*** Opening of SOURCE RECORDS ***

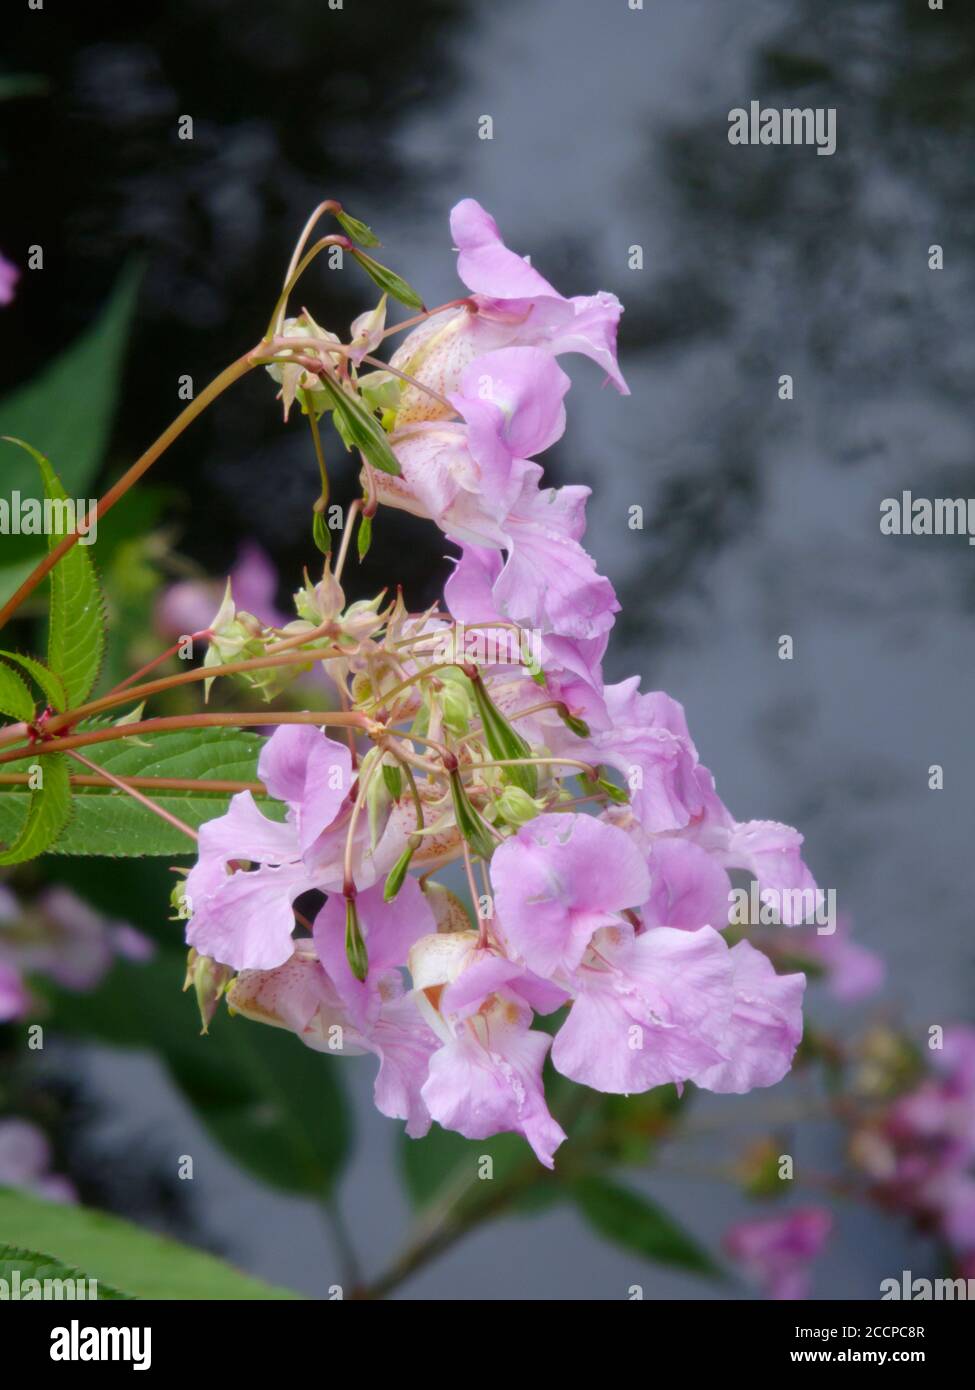 Himalayan Balsam ( Impatiens gladulifera ) A Highly Invasive Alien Species Weed In The UK Stock Photo
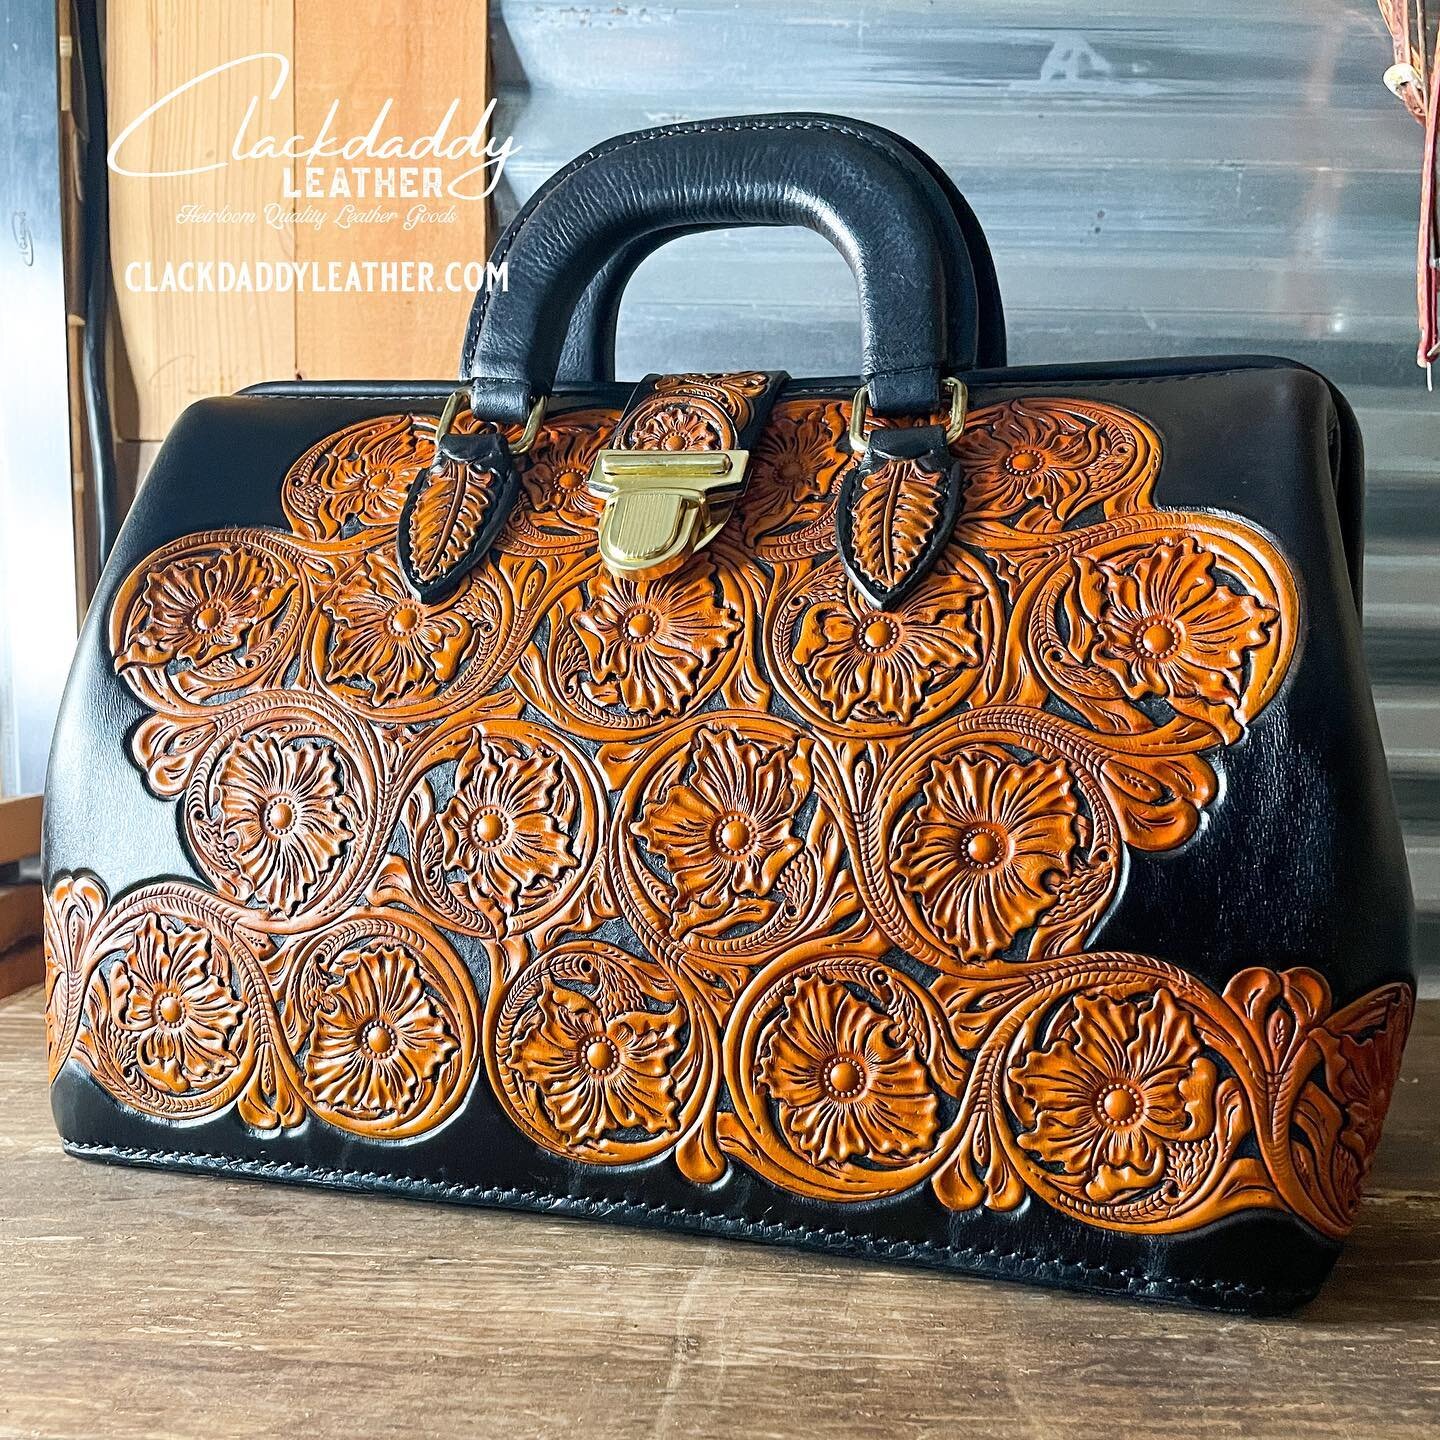 I guess you don&rsquo;t HAVE to be a doctor to carry this doctor&rsquo;s bag. Imagine how cool it&rsquo;d be if you were though🤔😎 #doctorbag #timeless #handmadeleather 

Bonus points if you tag a doctor #👩&zwj;⚕️ #👨&zwj;⚕️ #🩺

This bag is for sa
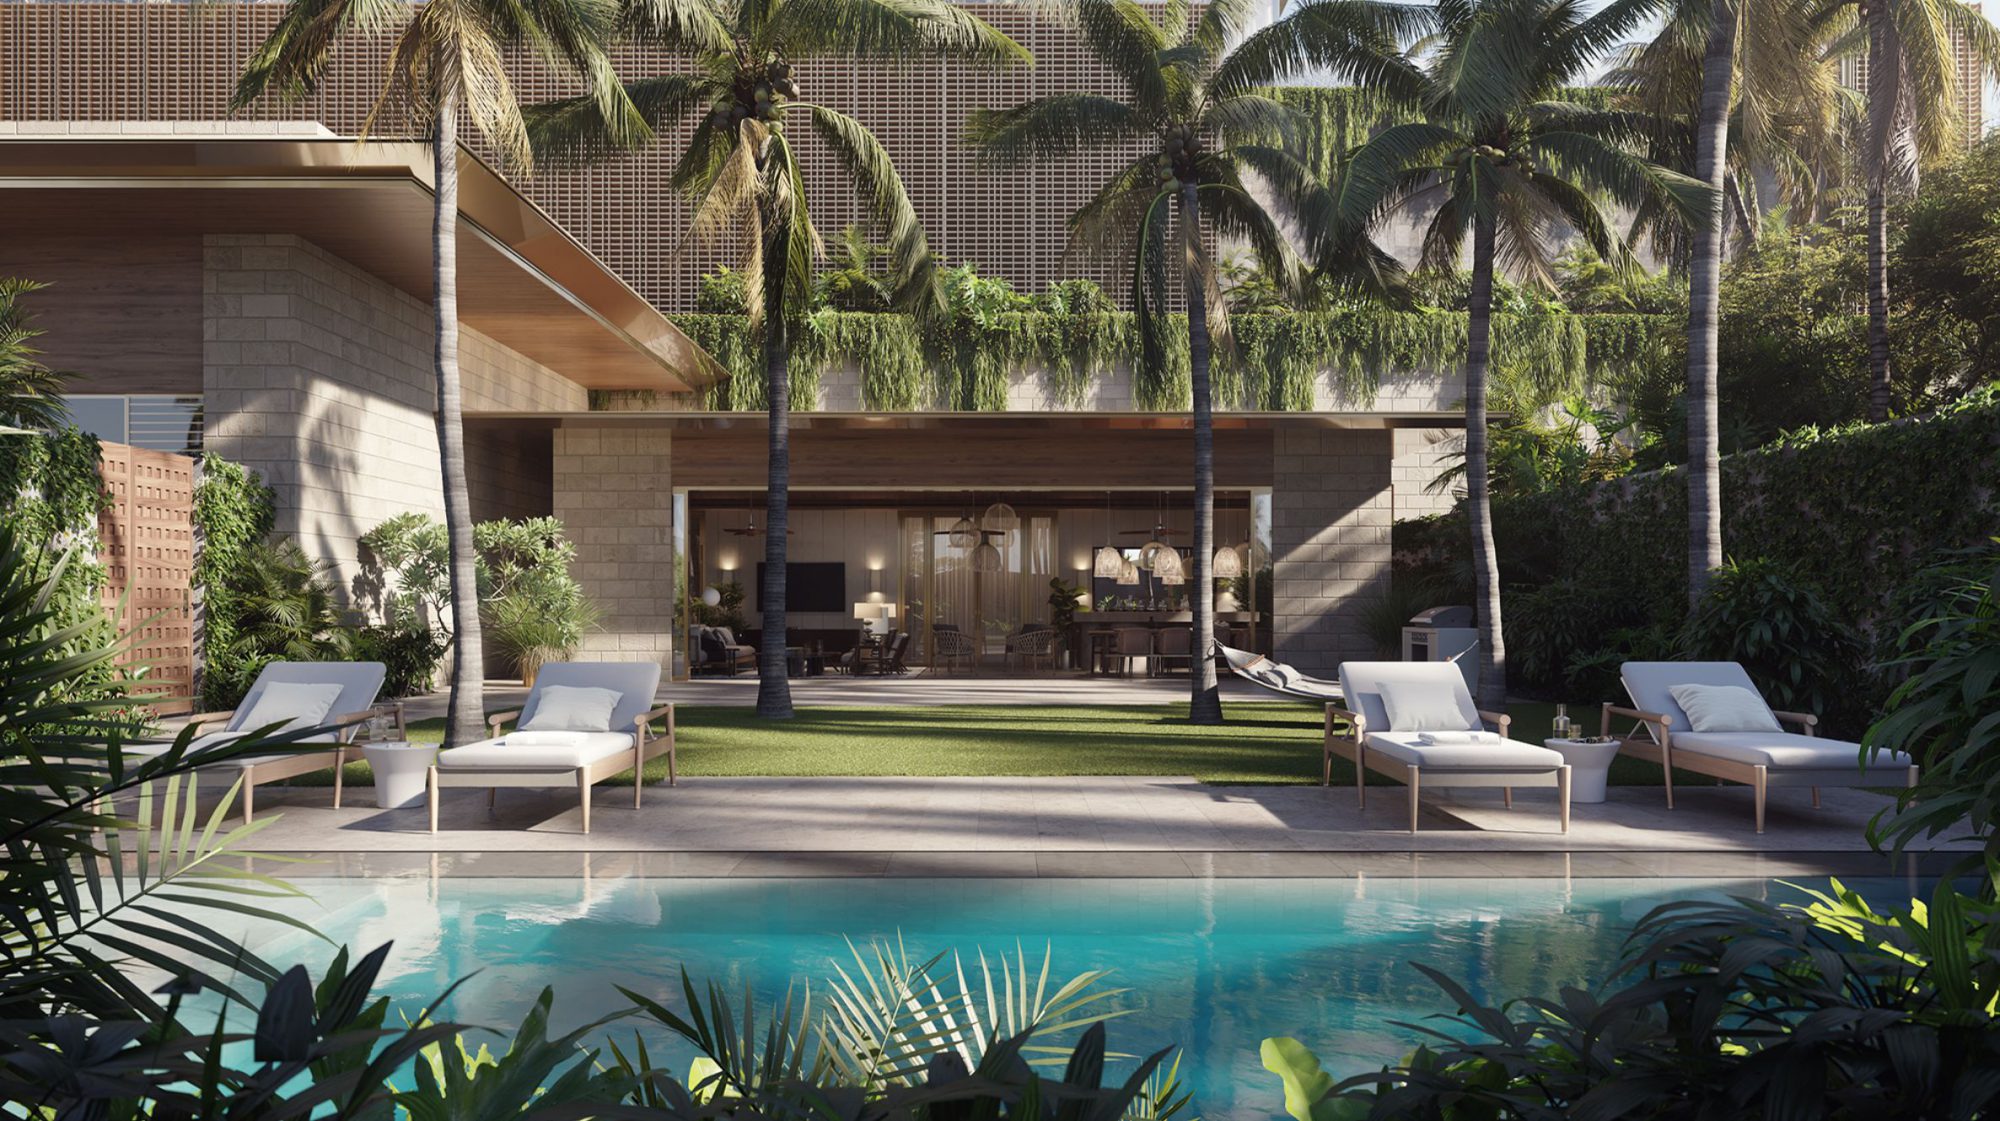 Exterior of the Lauhala Pool House, featuring a pool, poolside seating, and an a indoor-outdoor gathering space
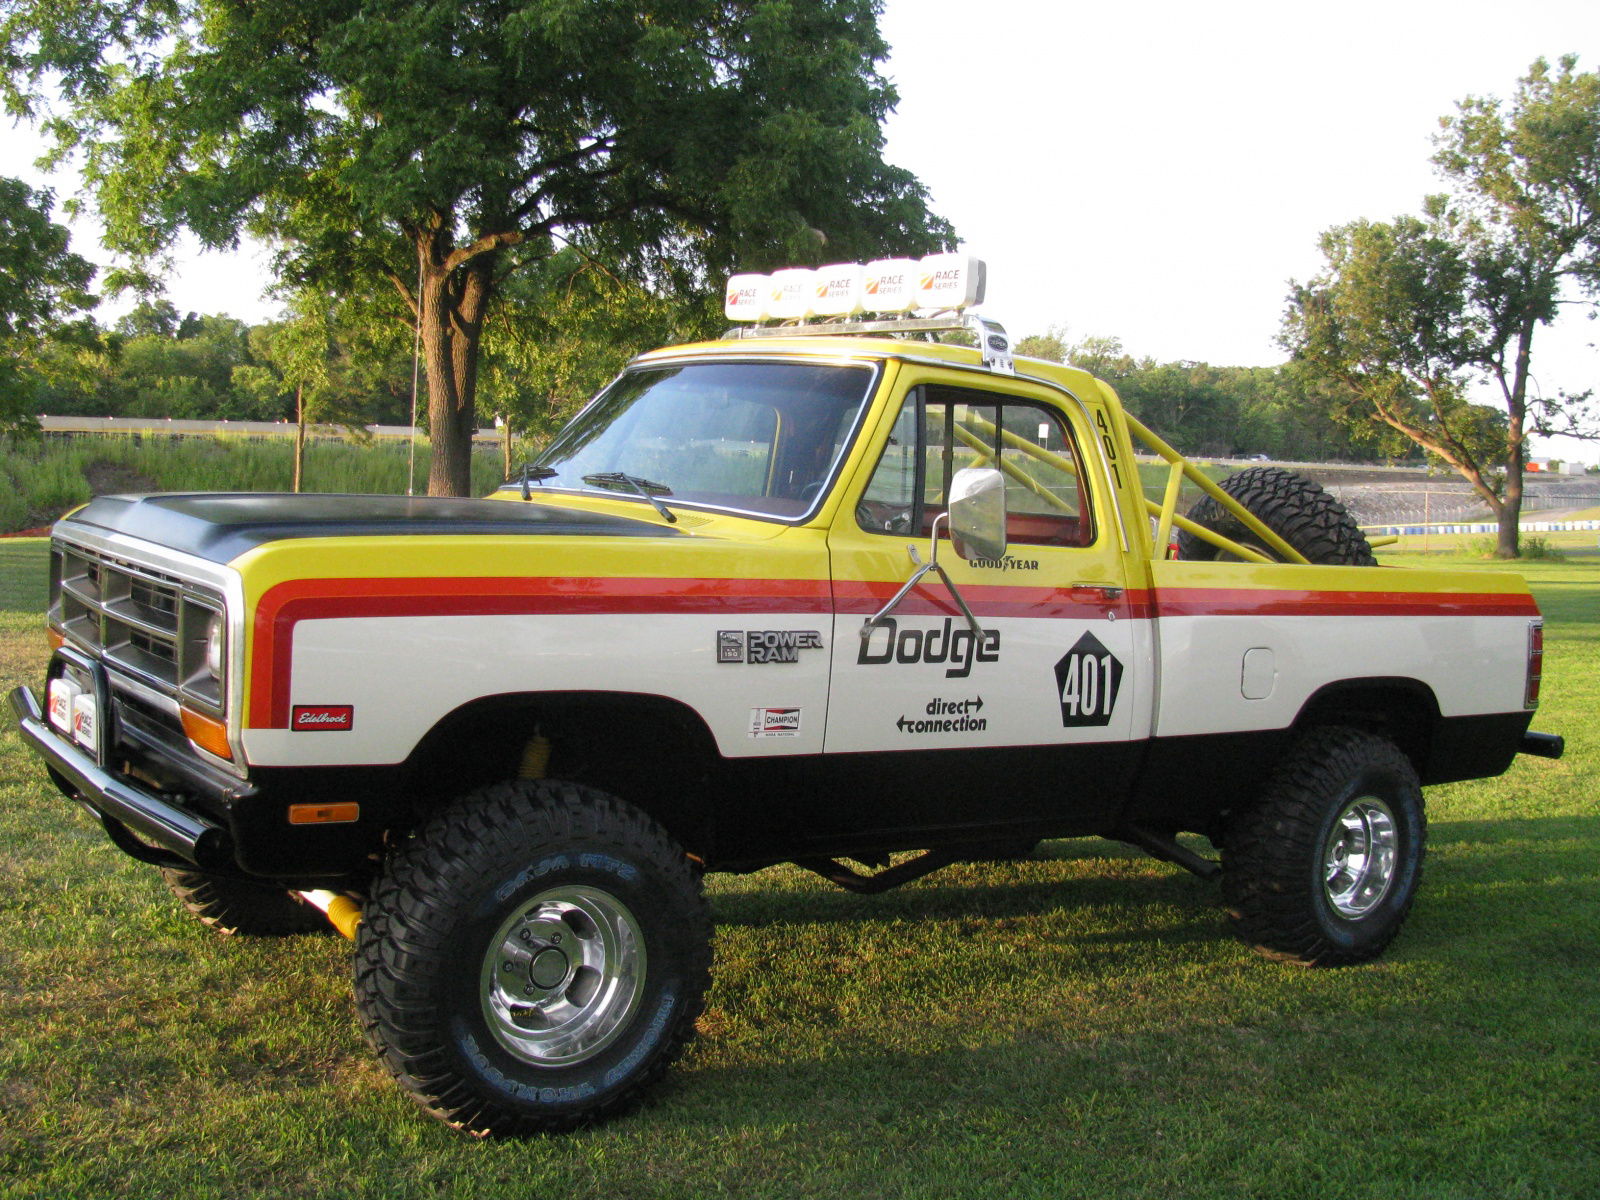 Toughest pickup trucks in the world - Dodge Rod Hall Signature Edition Via Barn Finds.

*** Close of SOURCE RECORDS ***

▶ **WORK TO COMPLETE**
Restate word for word, and only, the lines from the line that contains "I guess you" through the end of the data, both included; pictures are not part of the copy.

▶ **FINISHED TASK**
 I guess you don&rsquo;t HAVE to be a doctor to carry this doctor&rsquo;s bag. Imagine how cool it&rsquo;d be if you were though🤔😎 #doctorbag #timeless #handmadeleather 

Bonus points if you tag a doctor #👩&zwj;⚕️ #👨&zwj;⚕️ #🩺

This bag is for sa
 Exterior of the Lauhala Pool House, featuring a pool, poolside seating, and an a indoor-outdoor gathering space
 Toughest pickup trucks in the world - Dodge Rod Hall Signature Edition Via Barn Finds.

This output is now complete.